Week 4 — What is international society, and how does it differ from international system thinking?
The English School occupies a distinctive position between realism and liberal institutionalism, refusing the reductionism of both while engaging seriously with the sociological dimensions of international order. Where realists describe an international system governed by power and neoliberals focus on institutional incentives, the English School argues that states constitute an international society: they share norms, rules, and institutions that give international order a social character irreducible to material power. Hedley Bull’s The Anarchical Society remains the foundational text, but the tradition has developed substantially to engage questions of global governance, humanitarian intervention, world society, and the tension between order and justice. This week examines the core concepts of the English School, its methodological commitments, and the analytical contribution it makes to debates about intervention, legitimacy, and the changing contours of international order.
Key Themes
- International system versus international society: the foundational conceptual distinction
- The pluralist–solidarist debate: sovereign order versus cosmopolitan justice
- Institutions of international society: diplomacy, sovereignty, the balance of power, international law, and great power management
- World society and the role of non-state actors and global civil society
- Humanitarian intervention and the Responsibility to Protect as normative contestation
Case Studies
- The UN Security Council as an institution of international society under strain
- The Responsibility to Protect: solidarist ambition and pluralist resistance
- Recognition, legitimacy, and contested statehood in contemporary international order
Seminar Exercise
- Concept application: students examine a specific instance of normative contestation in international politics — intervention, targeted sanctions, or contested recognition — using the pluralist–solidarist distinction, and assess which conception of international society the actors themselves appear to invoke and why.
Analytical Focus
- Distinguishing systemic from societal analysis; applying English School concepts to normative debates about intervention, sovereignty, and order.
Week 5 — Is International Political Economy a theory of capitalism, power, or inequality?
International Political Economy emerged as a sub-field in the 1970s in response to the perceived failure of IR and economics to explain the political dimensions of global economic relations. The challenge from Marxist and critical traditions was fundamental: the global economy is not a neutral arrangement of exchange but a structured system of power, accumulation, and inequality that reproduces hierarchies between states and within them. World-systems theory identified a structural division between core, semi-periphery, and periphery that disciplines the developmental possibilities of subordinate states. Antonio Gramsci’s concept of hegemony was adapted to explain the ideological and institutional architecture through which dominant powers maintain global economic order. Dependency theory traced the mechanisms by which integration into the global economy perpetuates rather than resolves underdevelopment. This week examines these critical approaches, placing them in dialogue with realist and liberal IPE and asking what they illuminate that mainstream frameworks do not.
Key Themes
- Marxist IR: historical materialism and the capitalist world system
- World-systems theory and the core–periphery hierarchy
- Gramscian IR: hegemony, historic blocs, and counter-hegemony
- Dependency theory and underdevelopment in the Global South
- The political economy of global financial institutions and structural adjustment
Case Studies
- IMF structural adjustment and its developmental consequences in sub-Saharan Africa
- China’s rise and the question of hegemonic transition in the global economy
- Global value chains and the geography of labour exploitation
Seminar Exercise
- Critical reading workshop: students read extracts from a mainstream IPE text and a critical IPE text examining the same phenomenon, identify the assumptions embedded in each, and construct a comparison of the political and ideological stakes of the two analytical approaches. The workshop also asks students to consider which framework their own intuitions about global economic order most closely resemble, and why.
Analytical Focus
- Identifying the political assumptions embedded in economic theories; applying materialist and structural frameworks to global economic order.

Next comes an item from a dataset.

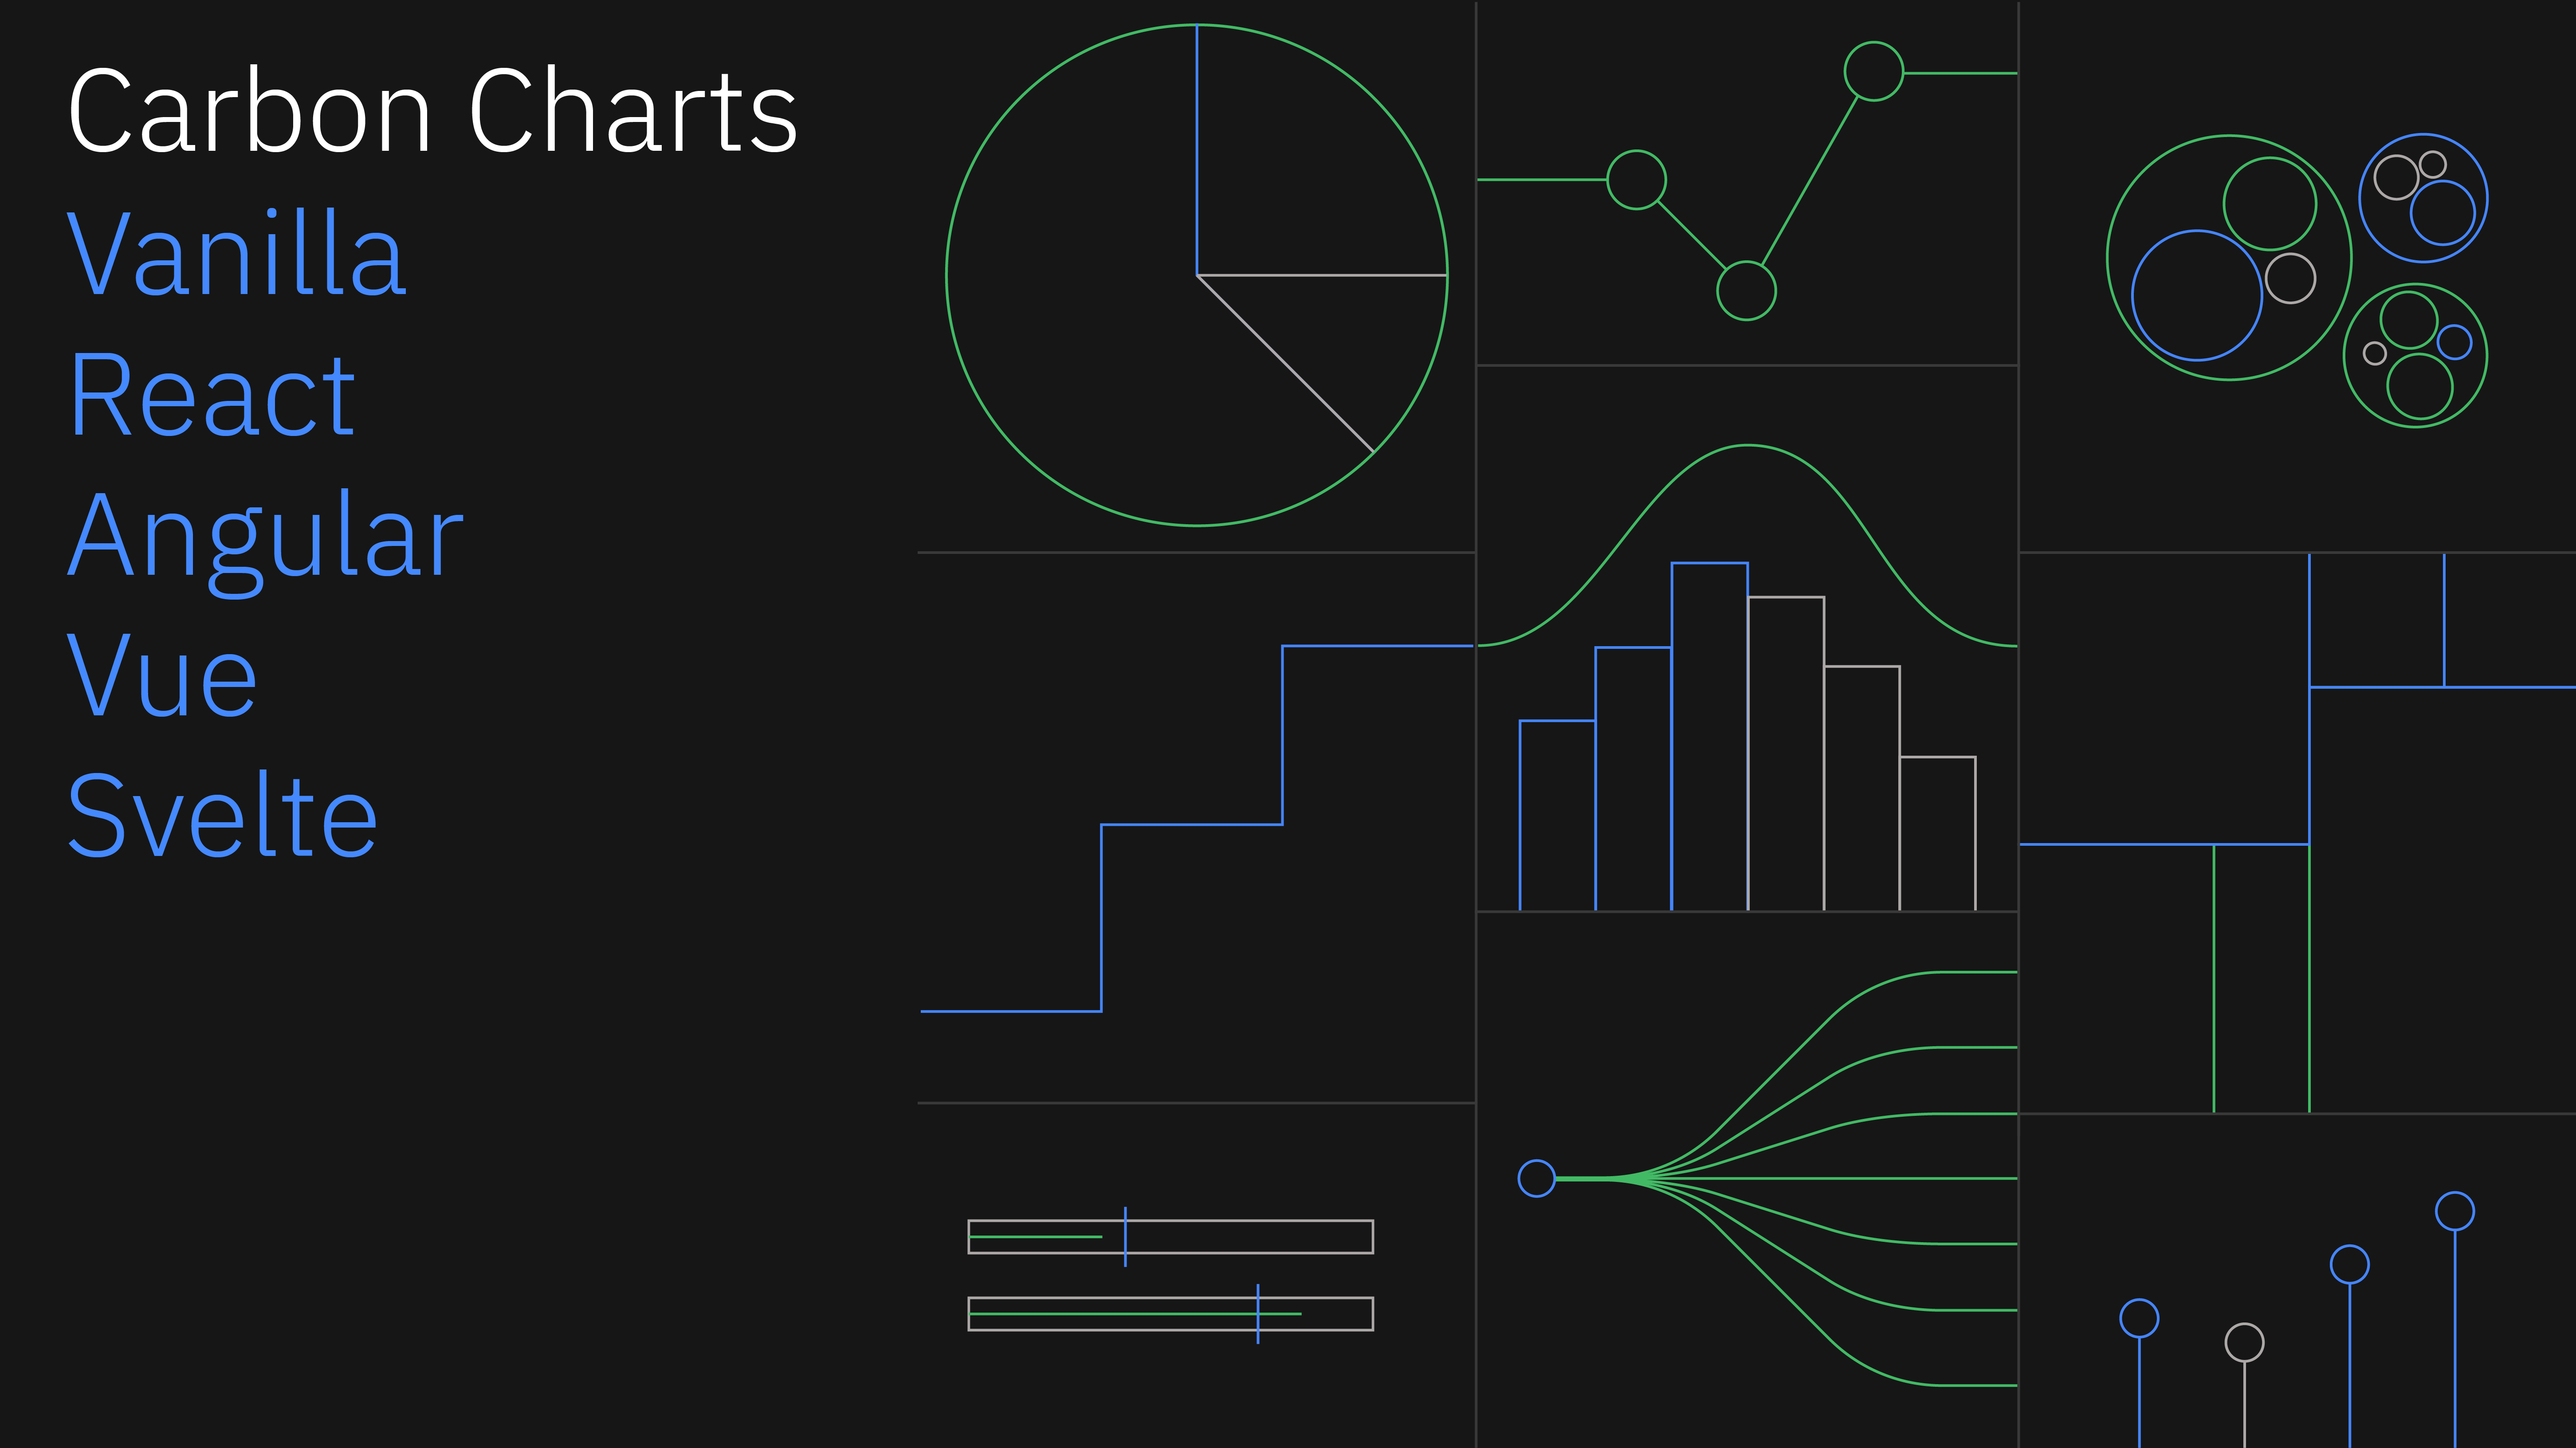 Carbon Charts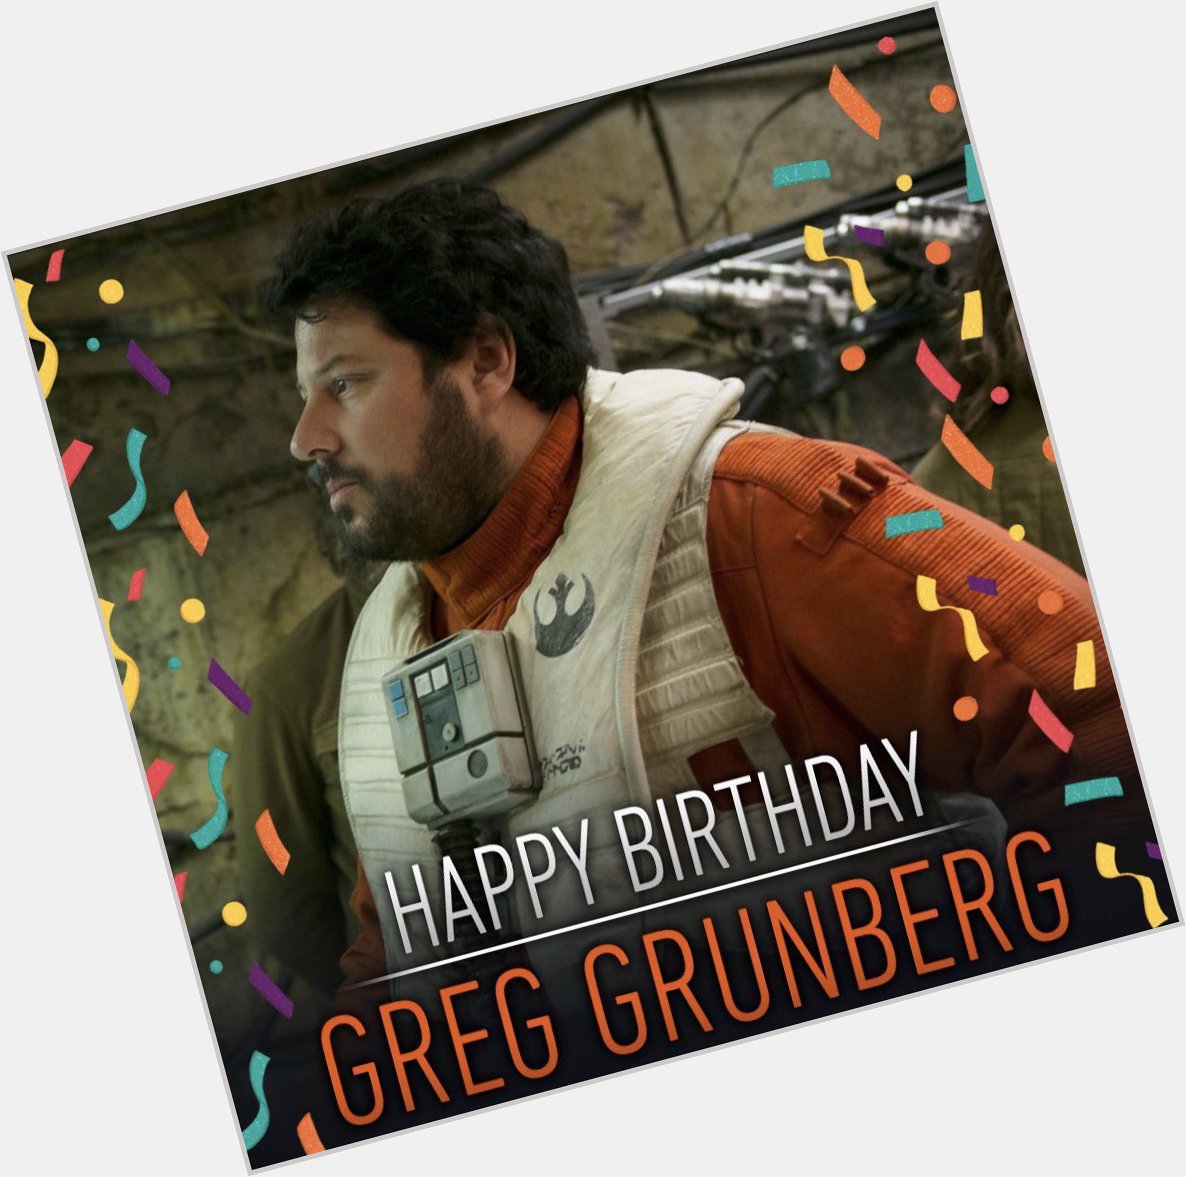 Happy birthday Greg Grunberg

Theoretical Analysis Essay due at the end of this week.
Week 6 — Does constructivism change what we think power actually is?
Constructivism challenged both realism and liberalism at their foundations by questioning the ontological status of the actors and interests those theories take for granted. Alexander Wendt’s claim that anarchy is what states make of it encapsulated a broader argument: the identities and interests of states are not fixed by material conditions but are socially constructed through interaction, practice, and normative context. This insight opened space for a sociology of international relations capable of explaining normative change, the diffusion of norms and practices across the international system, and the conditions under which actors reconstitute their identities and interests over time. Constructivism’s influence on IR has been substantial: it reshaped debates on security culture, international norms, and foreign policy analysis. Yet it has also attracted criticism for its idealist tendencies, its neglect of material power, and its analytical proximity to the mainstream it sought to challenge.
Key Themes
- Social construction and the critique of rationalist assumptions about identity and interest
- Identity, interests, and the logic of appropriateness versus the logic of consequences
- Norm dynamics: norm emergence, entrepreneurship, diffusion, and internalisation
- Securitisation theory and the social construction of threats
- Limits and critiques of constructivism: where does agency stop and structure begin?
Case Studies
- The abolition of the transatlantic slave trade and the power of normative change in international politics
- NATO expansion and the social construction of European security identity after 1991
- The securitisation of migration in European political discourse
Seminar Exercise
- Norm-tracing exercise: students trace the emergence and institutionalisation of a specific international norm (to be assigned), using constructivist frameworks to identify the actors, discourses, and turning points that shaped its diffusion, and assessing where material interests complicate the normative explanation.
Analytical Focus
- Applying constructivist concepts to norm change and identity formation; distinguishing constructivist from rationalist explanations of international behaviour.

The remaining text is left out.